ARMUS, an ARM robotic processing system designed by a team of fourth-year undergraduate students in electrical engineering and computer engineering. This project intends to replace the Handy Board, the current microcontroller system used by first-year undergraduate students in our curricula with a more powerful, versatile and up- to- date technology, while preserving ease of use. Our ARMUS processing system offers high processing and memory capabilities at low energy consumption, for a price of around 300$CAD.

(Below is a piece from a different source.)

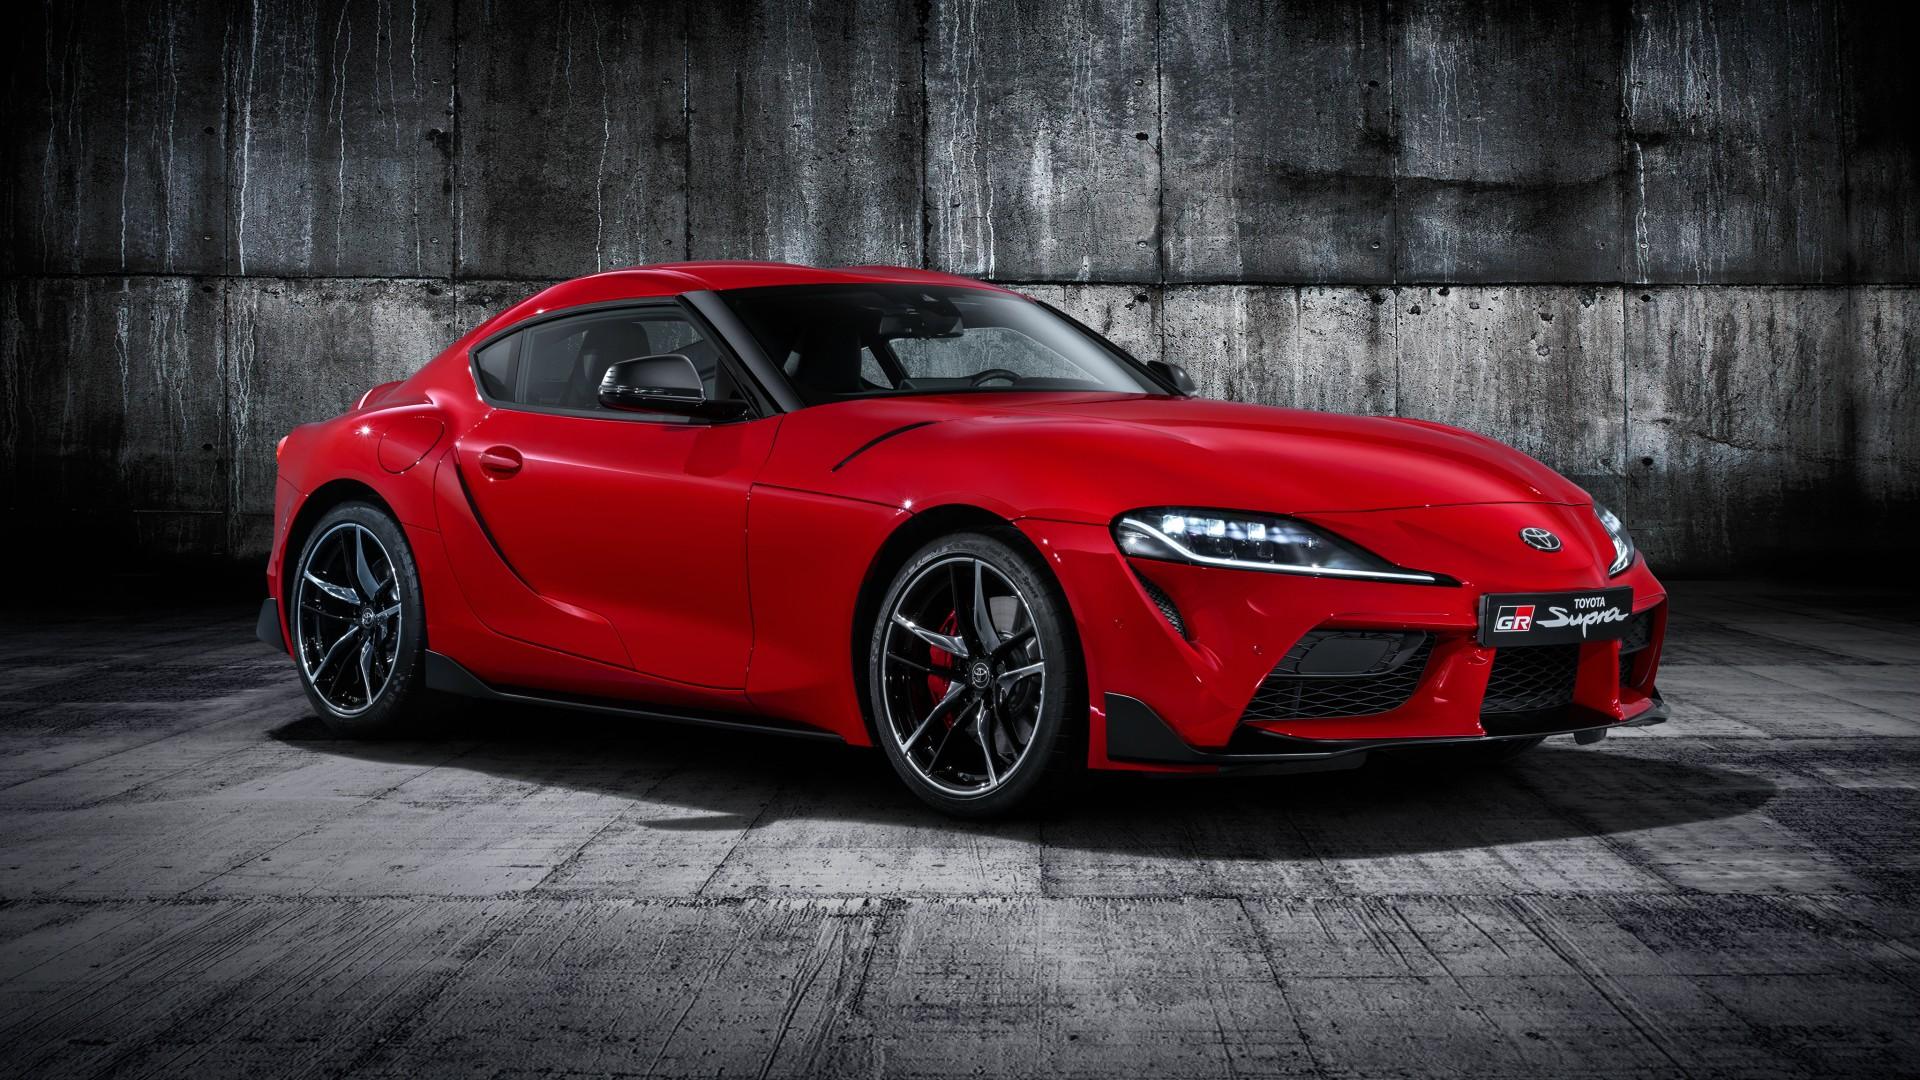 2015 Toyota Supra >> Toyota GR Supra 2019 4K Wallpaper | HD Car Wallpapers | ID ...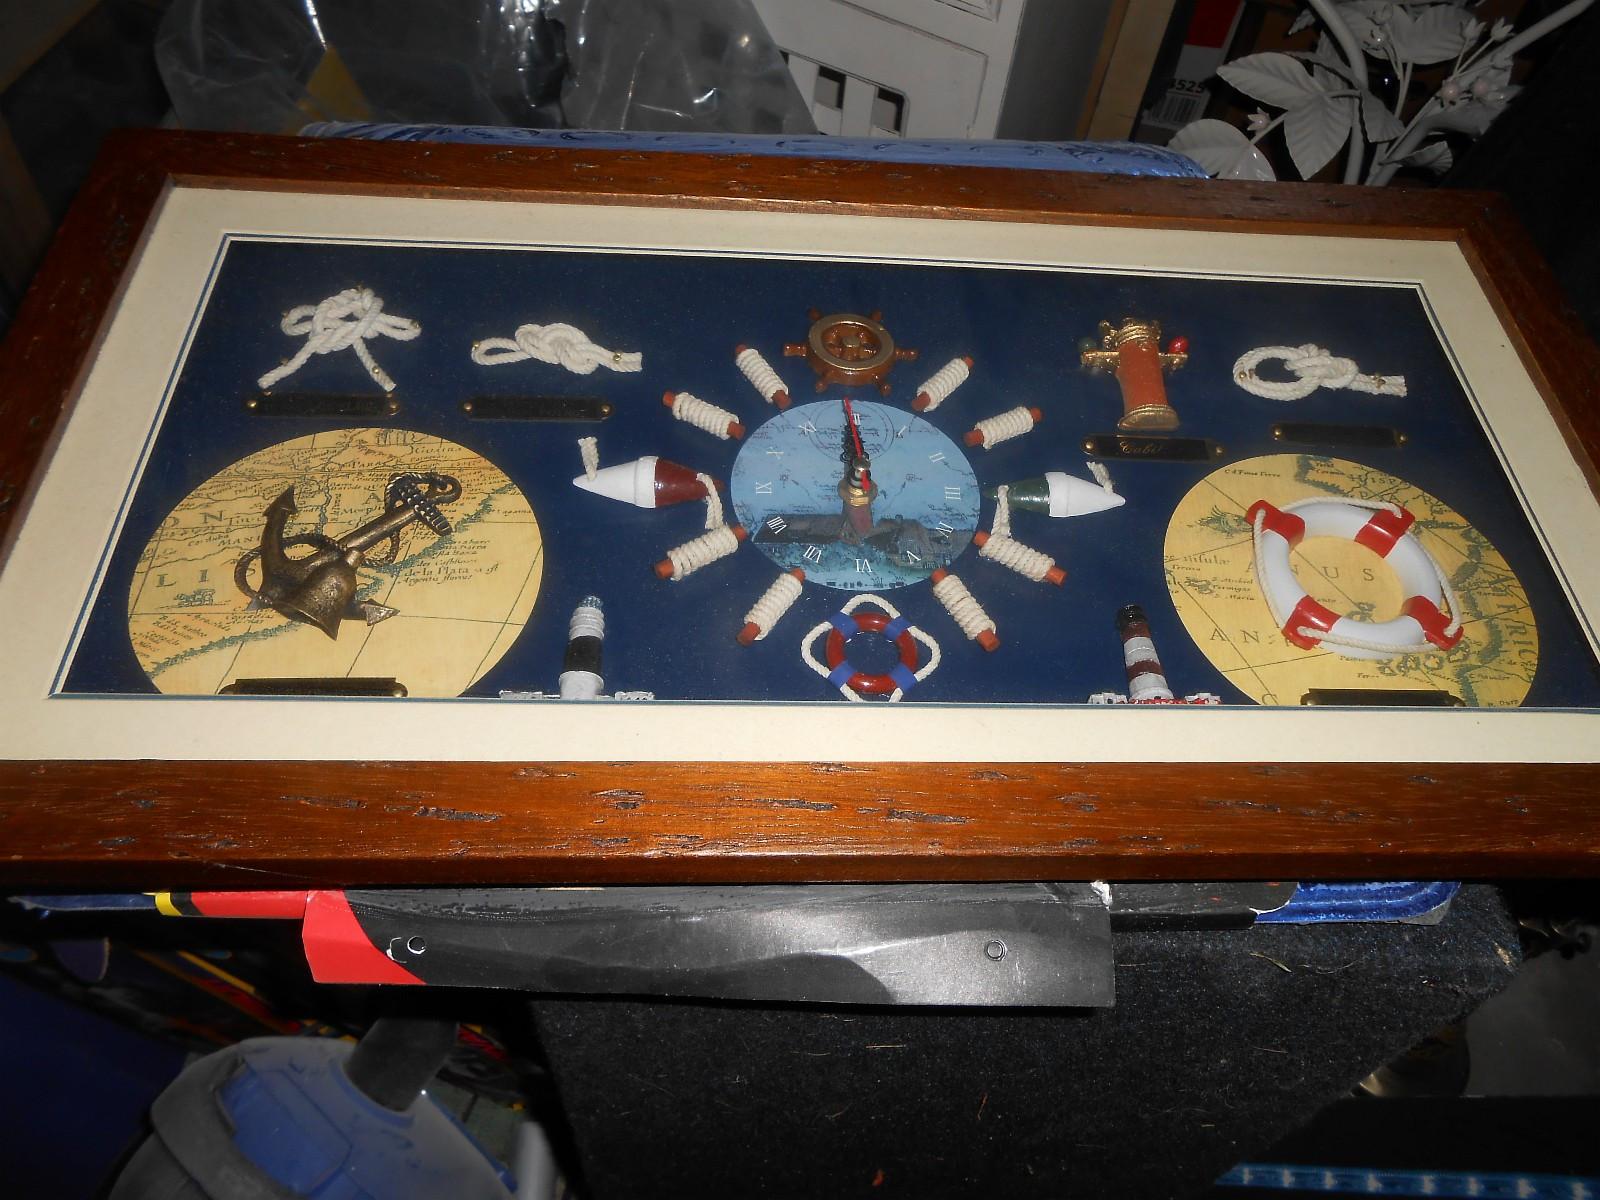 Nytt bilde med klokke - Skotterud  - 56 x 30 cm - Skotterud

Here is a paper describing the whole project: Article on Armus

Specs

The board is made to run Linux. We have sucessfully built and tested the first prototype. It ran Linux 2.4 with no big issues. Since then, we have designed the second version (proto2), but never built it because we graduated. Here are the specs:

  • AT91RM9200 CPU (ARM920T core)
  • On board 32MB SDRAM and 8 MB Flash.
  • CompactFLash
  • SD/MMC trough SPI
  • 2 RS232 ports
  • JTAG/ICE port
  • LCD port on the memory bus, we used a graphical LCD of 64x128
  • 10baseT Ethernet
  • USB Host and Device
  • CAN port
  • Audio (TLC320AIC23B: stereo out, stereo in, microphone in, 44.1kHz 16 bits)
  • 48 IOs and 10 ADCs on a PIC18F8310
  • 4x dsPIC30f3010 for motor control (4 DC, 4 servo, 4 capture/compare, 4 quad encoder, 8 more ADCs)
  • Power supply is done with two switching power supplies (3.3V and 5V) to minimize power comsuption.

Design Files

Here are the whole hardware design tree. These Project files were made using Altium designer 2004 SP4. They include the schematics and the PCB files. I would gladly post a PDF version, but somehow pins number and names get affected by the operations.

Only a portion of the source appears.